To do:
When you copy the material below, keep every line exact and drop the pictures.

Collected material:
━━━━━━━━━━━━━━━━

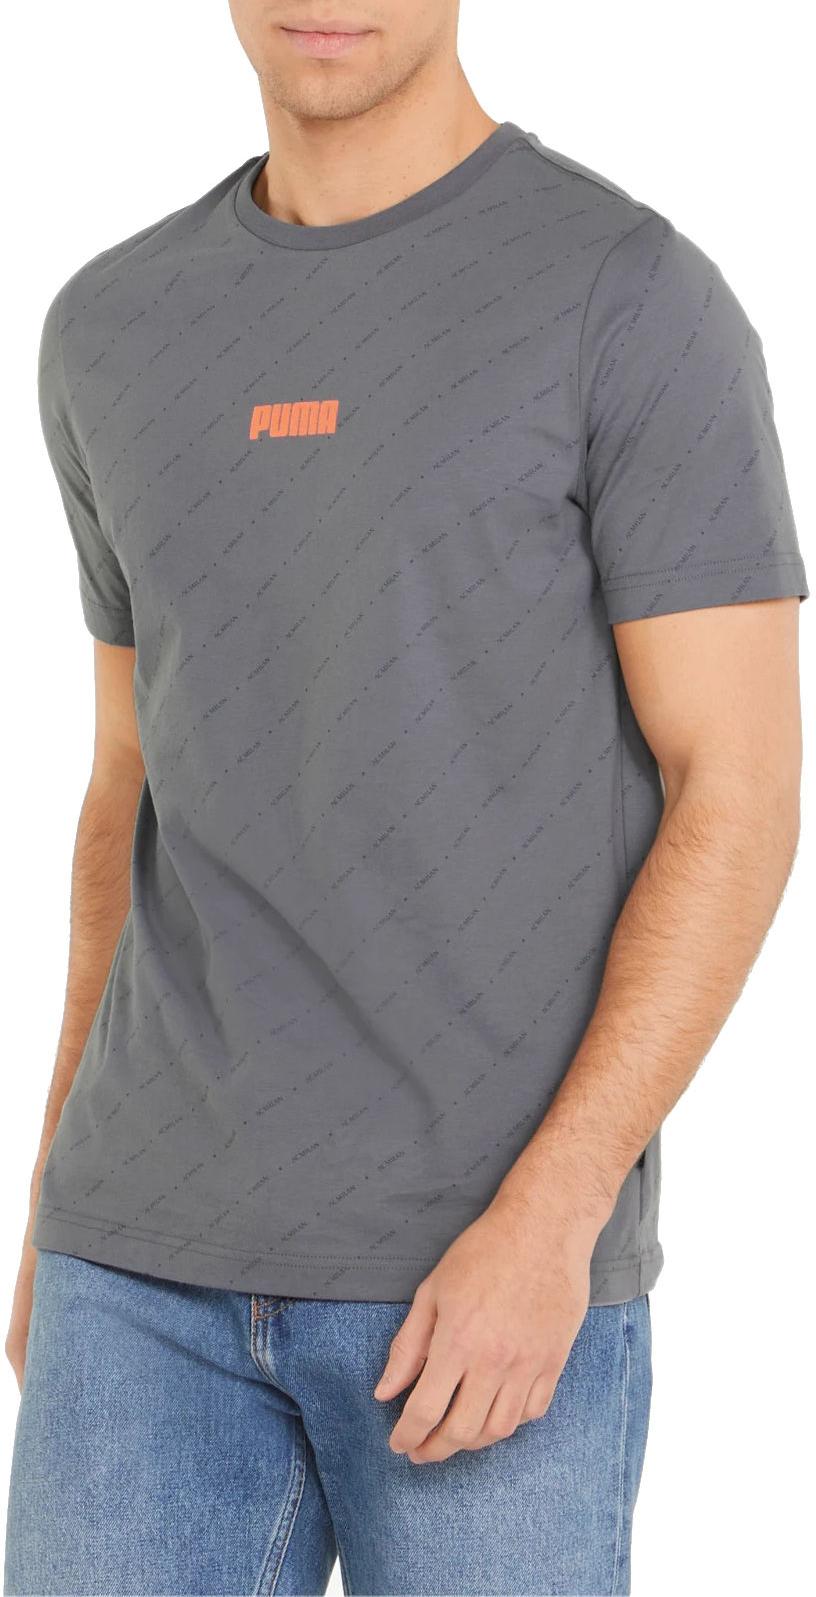 T-shirt Puma ACM FtblLegacy Tee
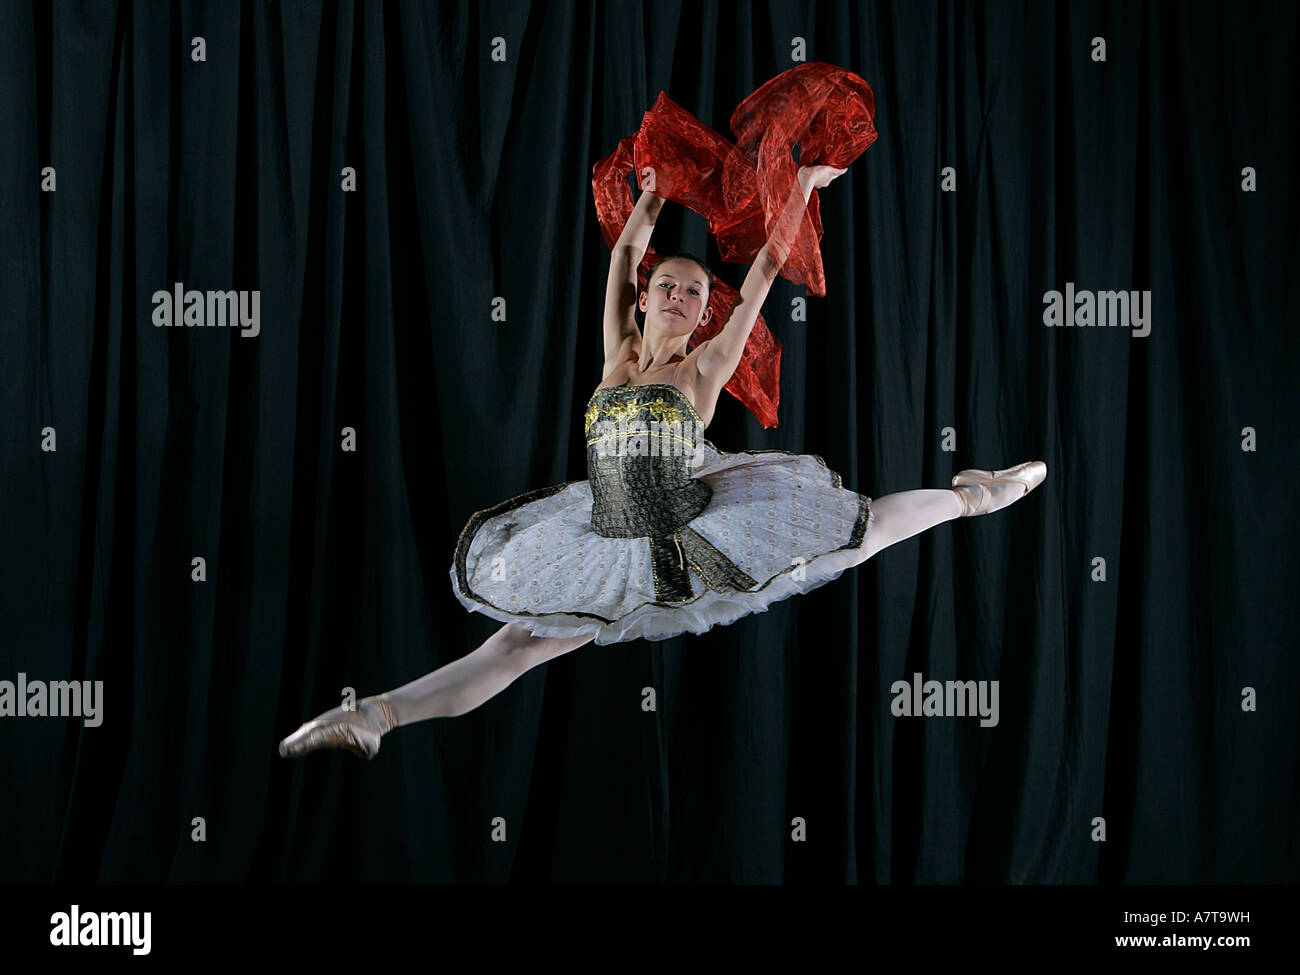 Ballerina leaping dance show performance Stock Photo
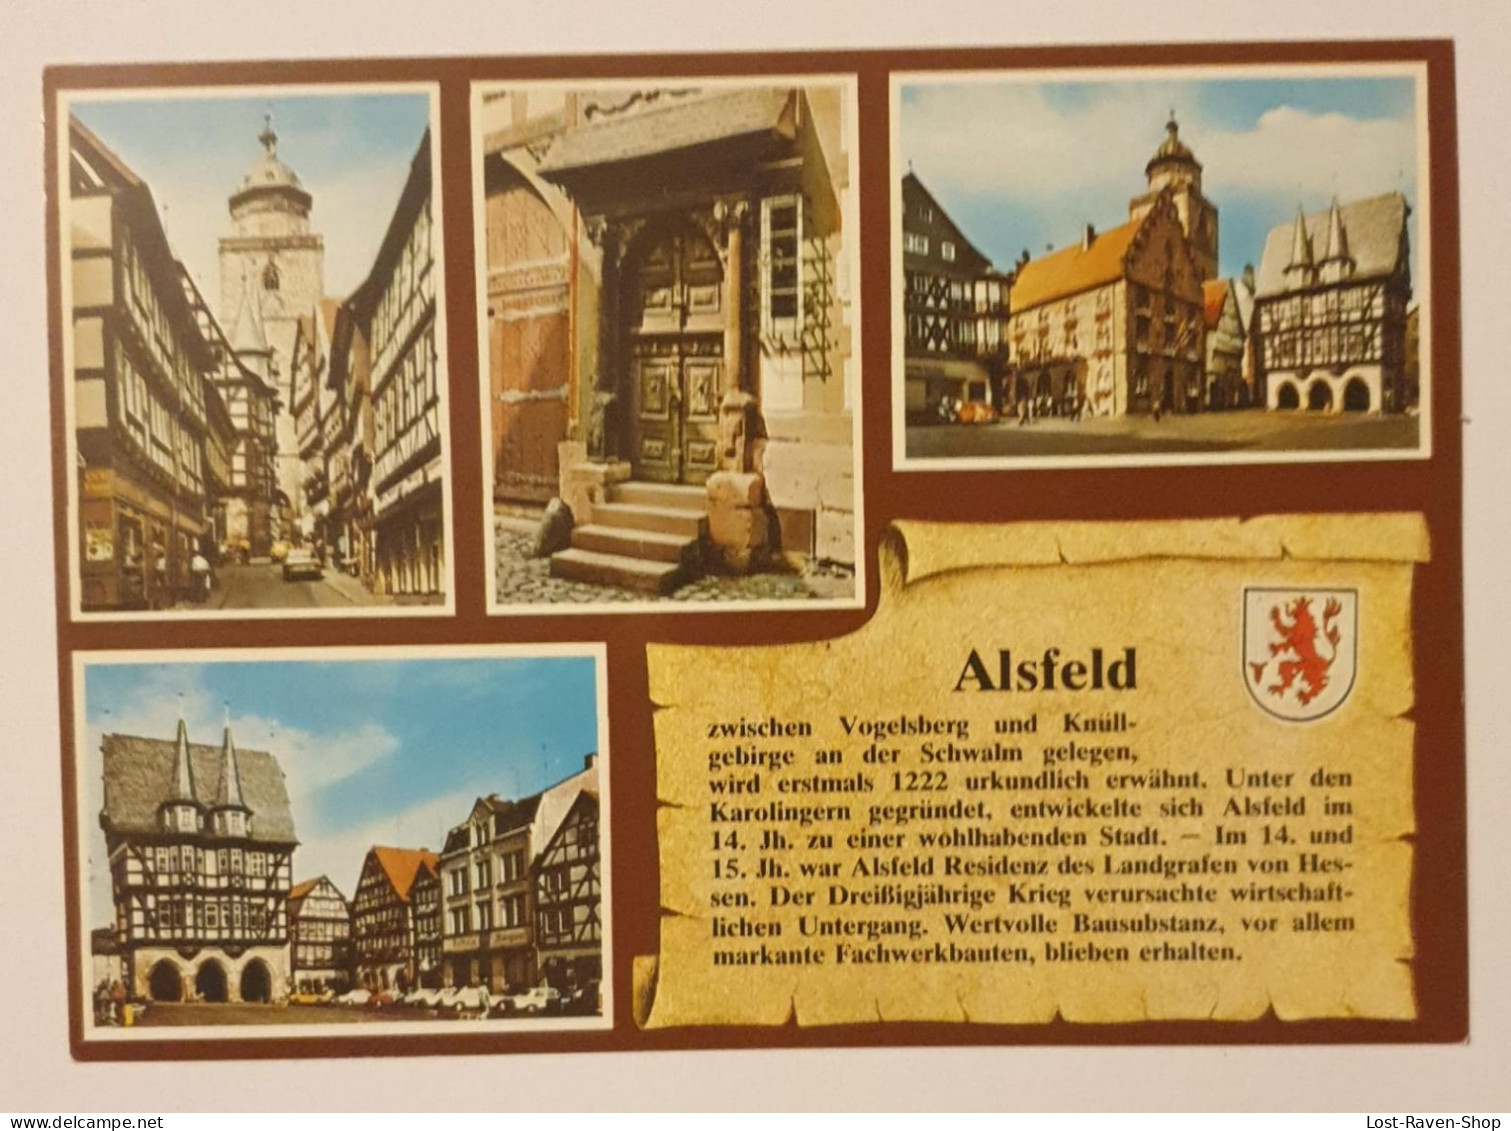 Alsfeld - Alsfeld

━━━━━━━━━━━━━━━━

Response to this task:
 T-shirt Puma ACM FtblLegacy Tee
 Ballerina leaping dance show performance Stock Photo
 Alsfeld - Alsfeld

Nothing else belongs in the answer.